Both companies have delivered earnings reports that are making analysts concerned about the solvency of their respective companies. In order to assess the company’s ability to meet short-term debt obligations, analysts will use liquidity ratios. However, the financial picture that emerges will depend on which ratio is used.

If they use the Current Ratio, which includes both accounts receivable and inventory, the companies stack up as follows:

  • Current Ratio (Company ABC): 380,000/250,000 = 1.52
  • Current Ratio (Company XYZ): 350,000/250,000 = 1.4

If they use the Quick Ratio, which excludes inventories, the companies stack up like this:

  • Quick Ratio (Company ABC): 1.32
  • Quick Ratio (Company XYX): 1.24

However, when analysts use the more stringent Cash Asset Ratio, the companies stack up like this:

  • Cash Asset Ratio (Company ABC) = 0.96
  • Cash Asset Ratio (Company XYZ) = 1.2

A Cash Asset Ratio of 1 means that there is just enough cash to meet short-term (or current) liabilities. What this tells investors is that Company XYZ has higher liquidity to meet their short-term debt obligations with room to spare. Company ABC, while having more total assets, has essentially just enough liquidity to meet their short-term obligations, and maybe not enough.

The Cash Asset Ratio also called the Cash Ratio, is intended to give a "worst case" scenario look at a company's financial picture. This focus on the worst case is both the benefit and the limitation of the ratio. Many businesses will argue, correctly, that the Cash Asset Ratio is not a realistic picture of how their company operates. And, in support of that, a cash asset ratio that is too high can mean that a company is not making efficient use of their cash.

In the real world, analysts and investors will choose the ratio that is most meaningful for that industry or sector. For example, in some sectors, a Cash Asset Ratio of 0.96 may not be of much concern at all while in another sector a Cash Asset Ratio of 1.2 may be considered too low.
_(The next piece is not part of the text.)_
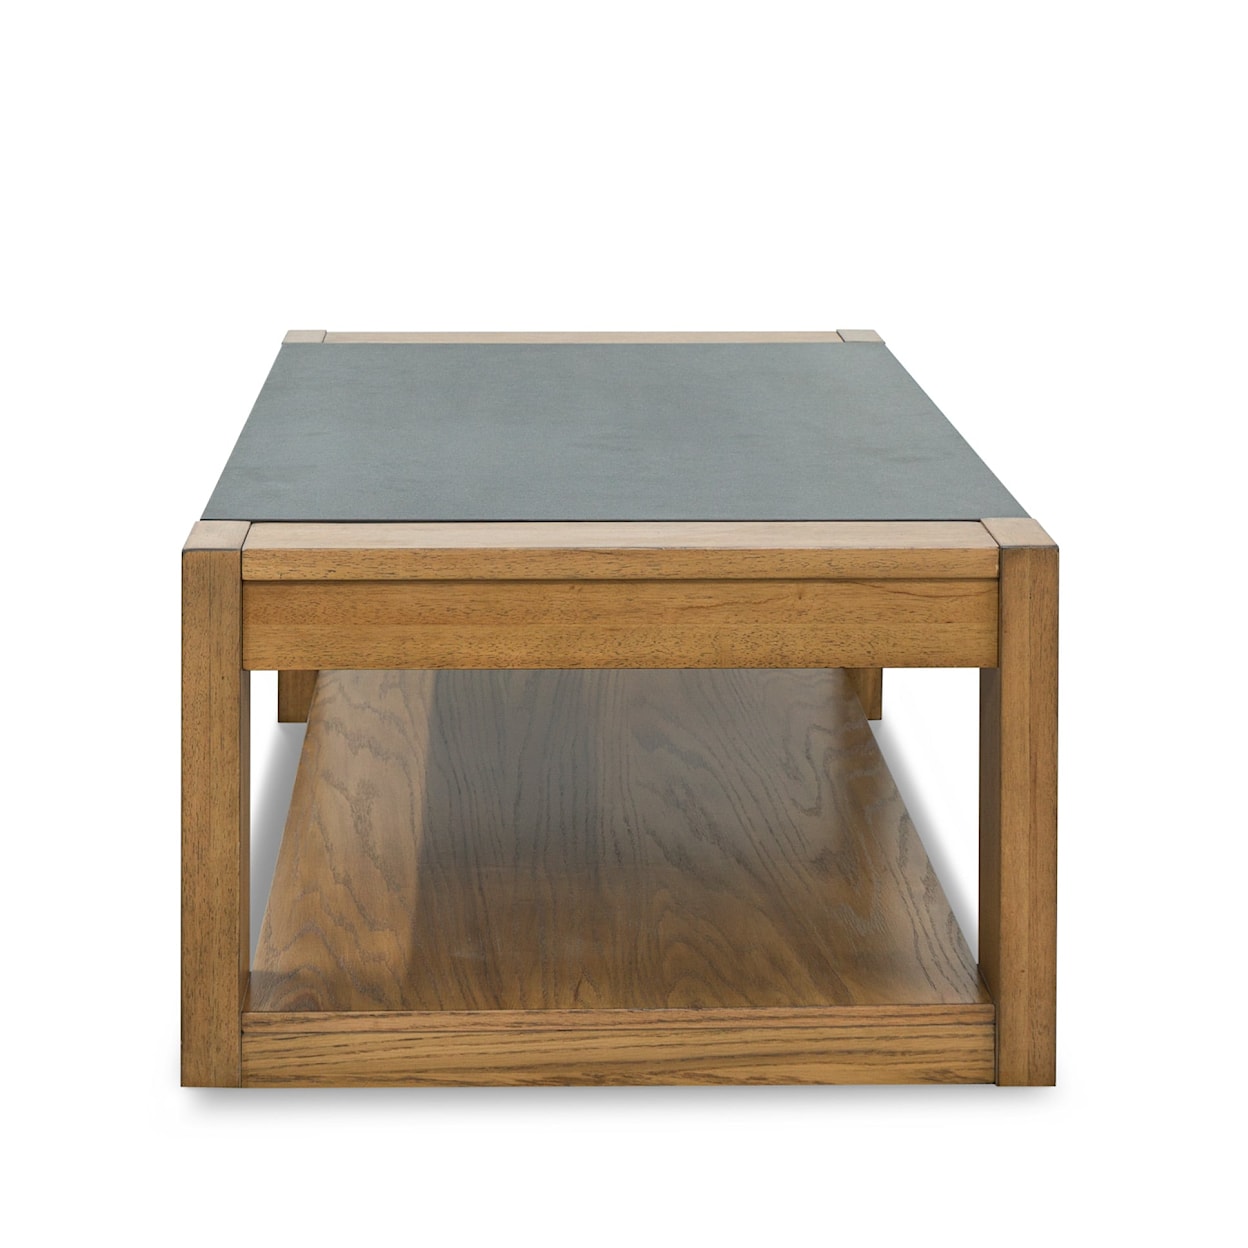 Benchcraft Quentina Lift Top Coffee Table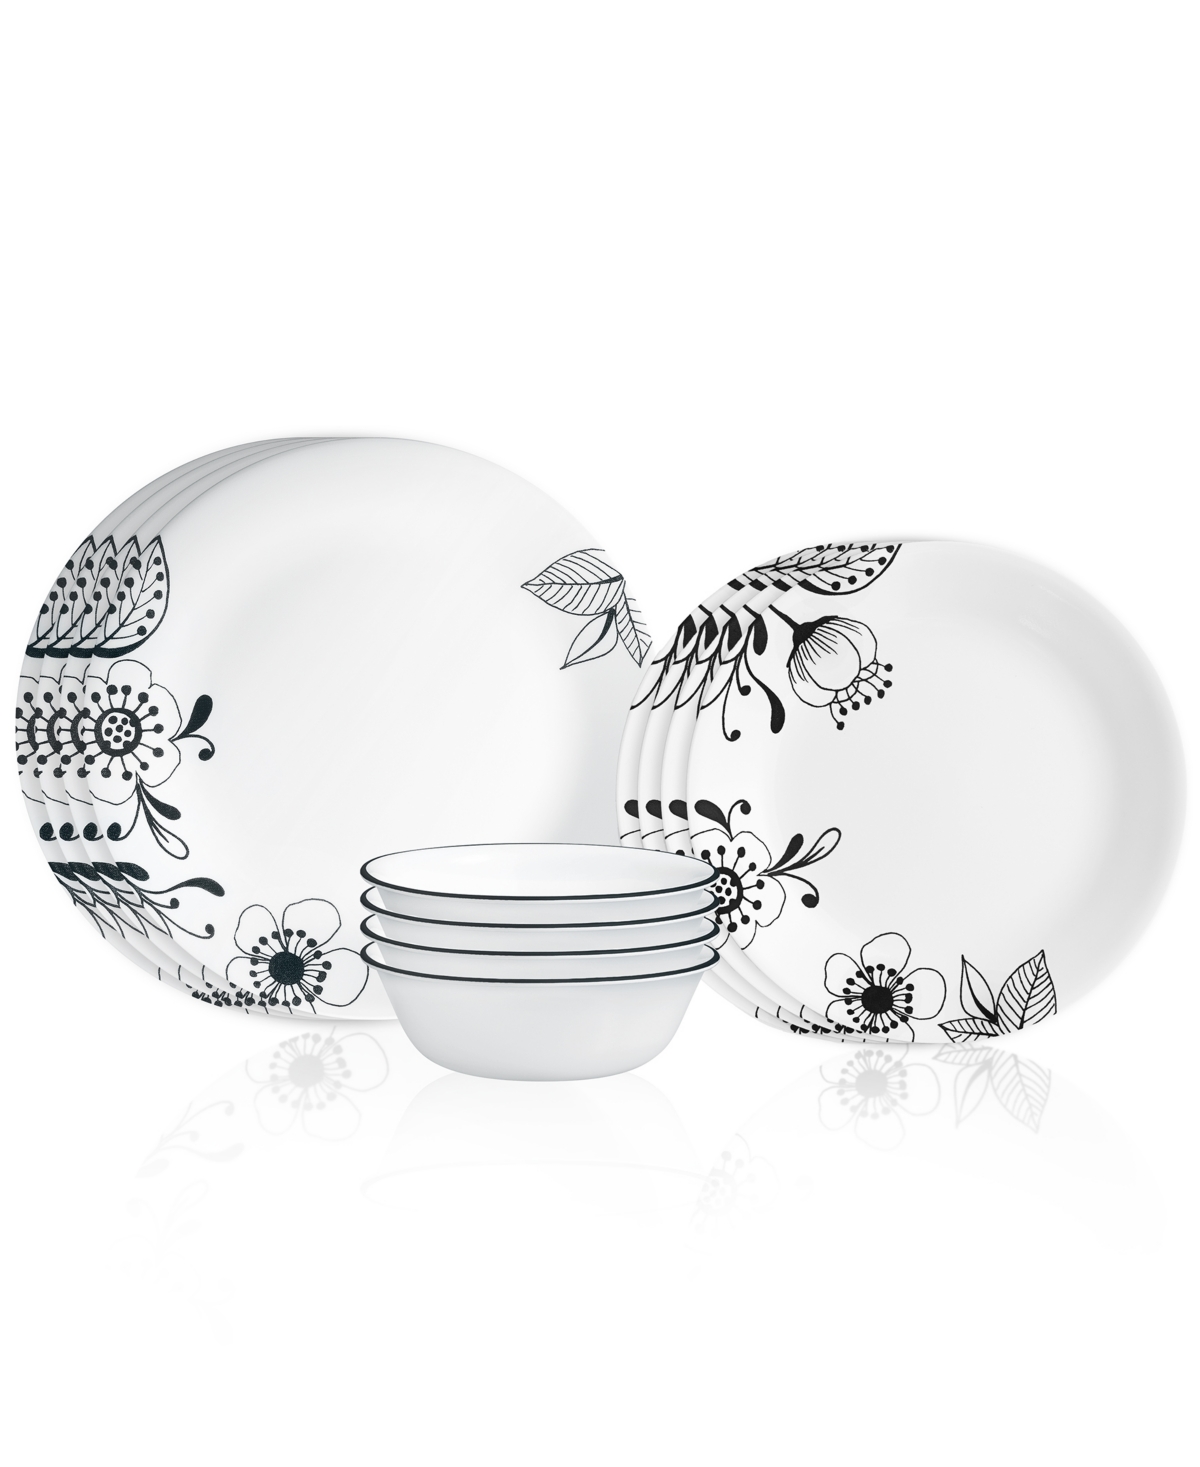 Inked Poppy 12-Piece Dinnerware Set, Service for 4 - White with Black Floral

Although commonly used in evaluating the finances of a business, ratios such as the cash asset ratio can be used as a personal financial ratio to help individuals understand the difference between their net worth and their ability to handle short-term debt obligations.

Introduction

When we review our personal finances, the worst case scenario is never far from our mind. We can look at our net worth (what we have in our mutual funds, real estate, insurance, etc.) and be lulled into a sense of complacency. However, when we take an objective look at our finances and get to the heart of the matter, the question becomes are we bringing enough income, or have access to cash, to meet our monthly expenses and give ourselves the financial freedom we desire?

It’s the same way with a business. Although a business may report a sizable revenue figure, that money may not be available to the company in the form of cash or cash equivalents. If a company lacks cash on hand to meet their short-term debt obligations (defined as obligations they will have to pay in less than one year), they are at a higher risk of having financial problems. In order to assess the financial health of a company, financial analysts and investors will use ratios. Among the most stringent of these ratios, and the topic of this article is the cash asset ratio. The cash asset ratio is a measurement of how solvent a business is (i.e. their ability to meet short-term debt obligations with the cash or cash equivalents they have available to them). In this article, we’ll take a close look at the cash asset ratio including showing the formula, defining why it’s important, and show how it differs from other common liquidity ratios. We’ll also take a look at where liquidity ratios fit into the broad area of fundamental analysis and review the limitations of the cash asset ratio.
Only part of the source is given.